Zoj 3164 Cookie Choice(多重背包+分组背包,更新队列优化)

Cookie Choice Time Limit: 2 Seconds       Memory Limit: 32768 KB

MM enjoyed cookies very much. On Saint Valentine's Day, when she stepped into a big cookie store again, she wouldn't leave unless DD spent all his money in pocket!

There are N kinds of cookies, labeled from 1 to N, and all can be bought without any restriction by the store. But actually, for some kinds of cookies, MM wanted to buy one piece at most, and for some kinds of cookies, MM wanted to buy Ki pieces at most, and for some other kinds of cookies, there didn't exist an upper bound that MM wanted to buy.

There is another requirement from MM: there are some groups of cookies, MM considered their tastes similar, so she wanted to buy at most one kind of cookies in each group. A kind of cookie wouldn't appear in more than one group.
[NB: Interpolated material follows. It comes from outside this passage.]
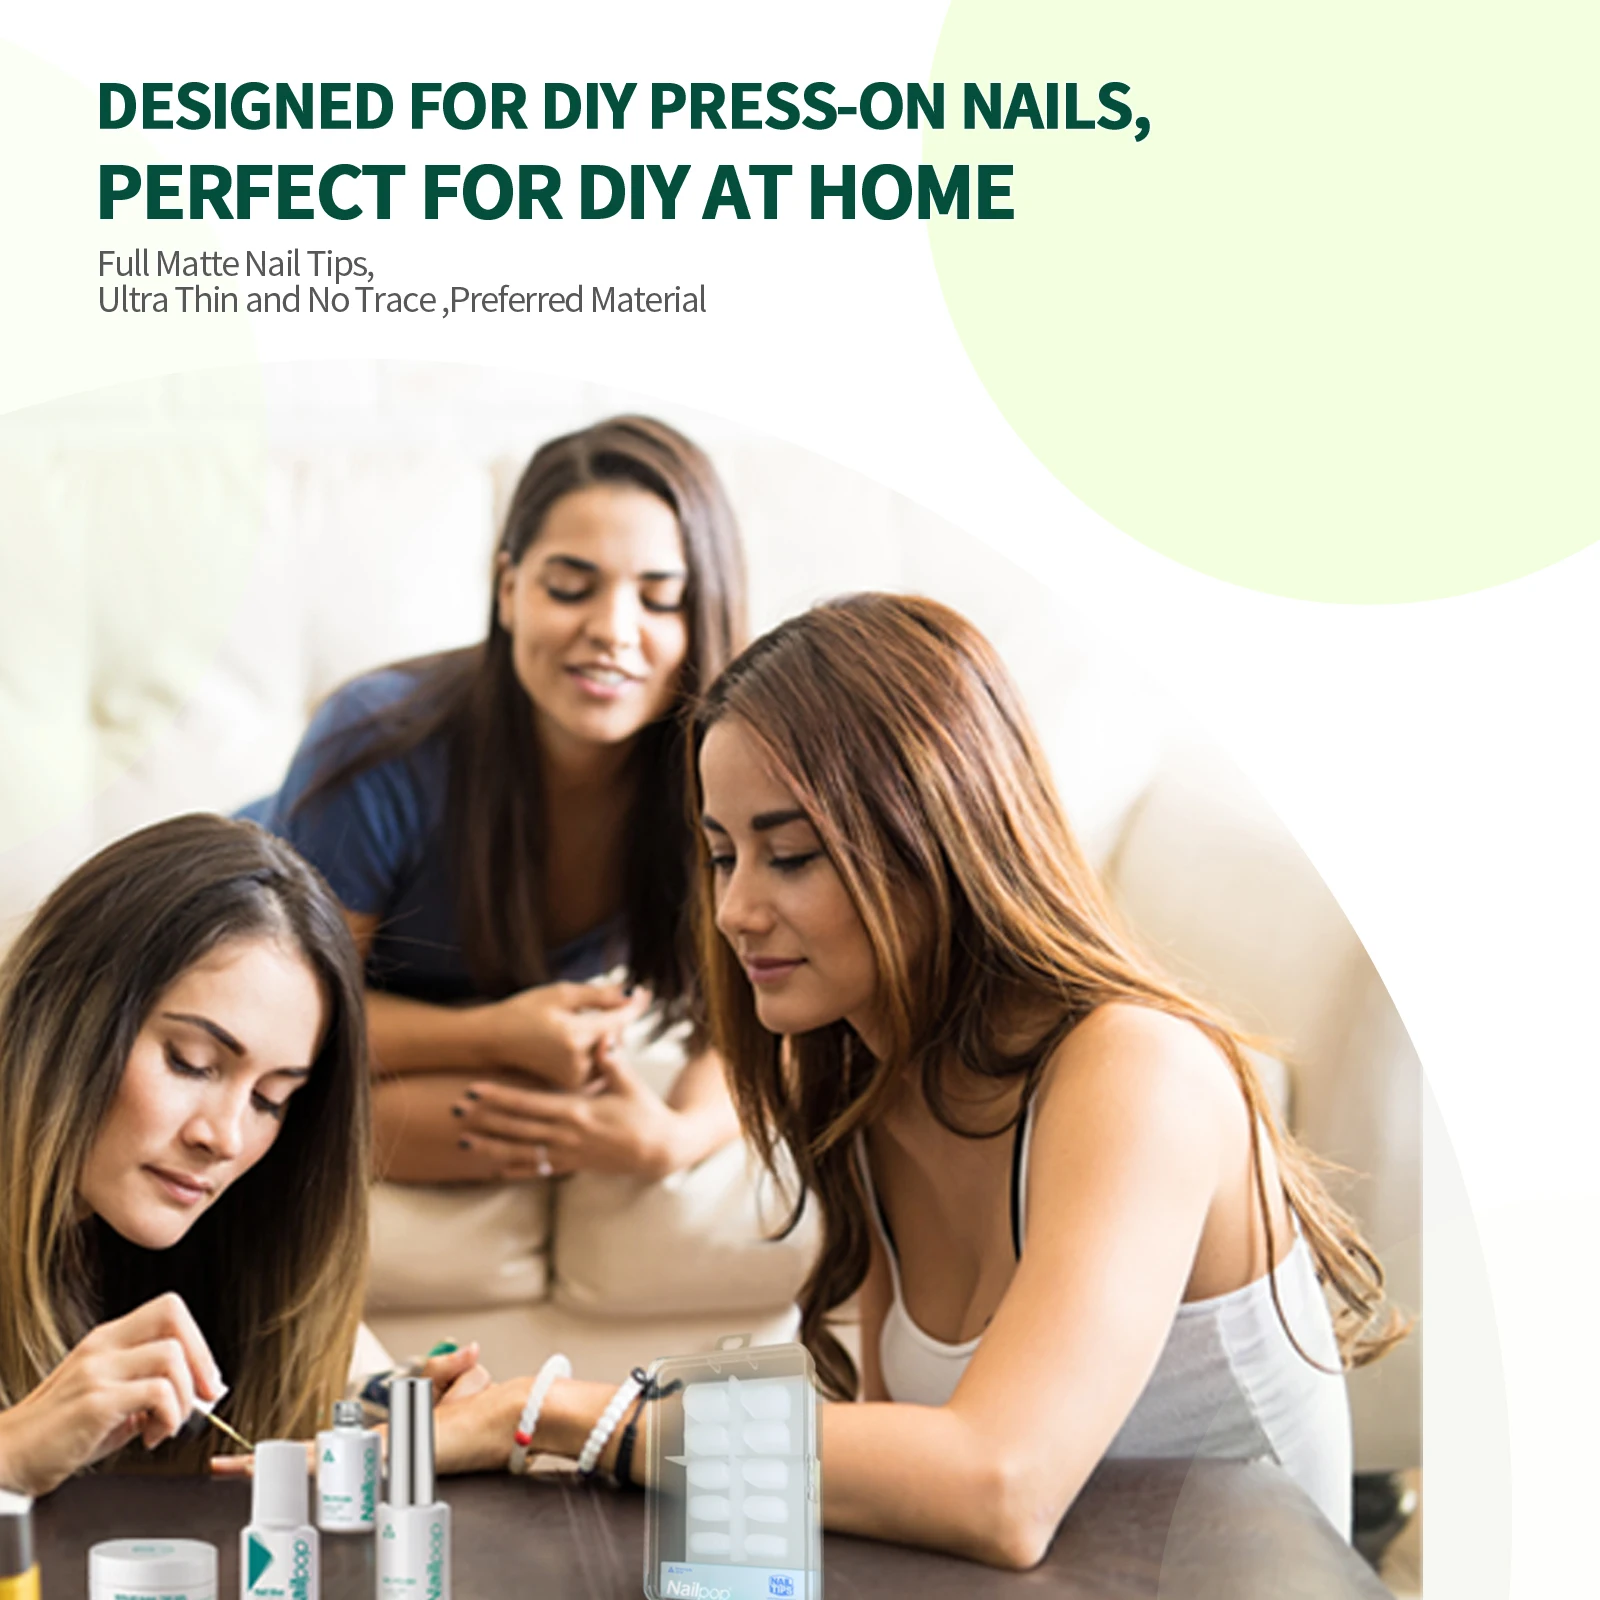 Buy Nail Tips Natural Fake Nails - ECBASKET Acrylic Half Cover French Nail  Tips 500pcs with Box False Nail Tips for Nail Salons and DIY Nail Art at  Home 10 Sizes Online

For the ith kind of cookies, MM has an "enjoyable value" Ei, if DD bought Ai pieces of this kind for her, and Ai didn't exceed her upper bound, MM get EiAi of enjoyable value. After buying cookies, MM's total enjoyable value will be the sum of EiAi.

But actually, poor DD had only D dollars, and the price for the ith kind of cookies is Pi dollars per piece. DD must spend all his Ddollars to buy cookies, to meet requirements about amount and taste from MM, and to make MM's enjoyable value as high as possible. What's more, as you know, a legal plan's enjoyable value must be non-negative.

Input

There are multiple test cases. Each test case consists of three parts.

The first part is one line with two integers N and D.

The second part has N lines, line i consists of three integers KiEi and Pi. If Ki equals to 0, it means for ith kind of cookies, there didn't exist an upper bound that MM wanted to buy, otherwise Ki is the upper bound for ith kind of cookies.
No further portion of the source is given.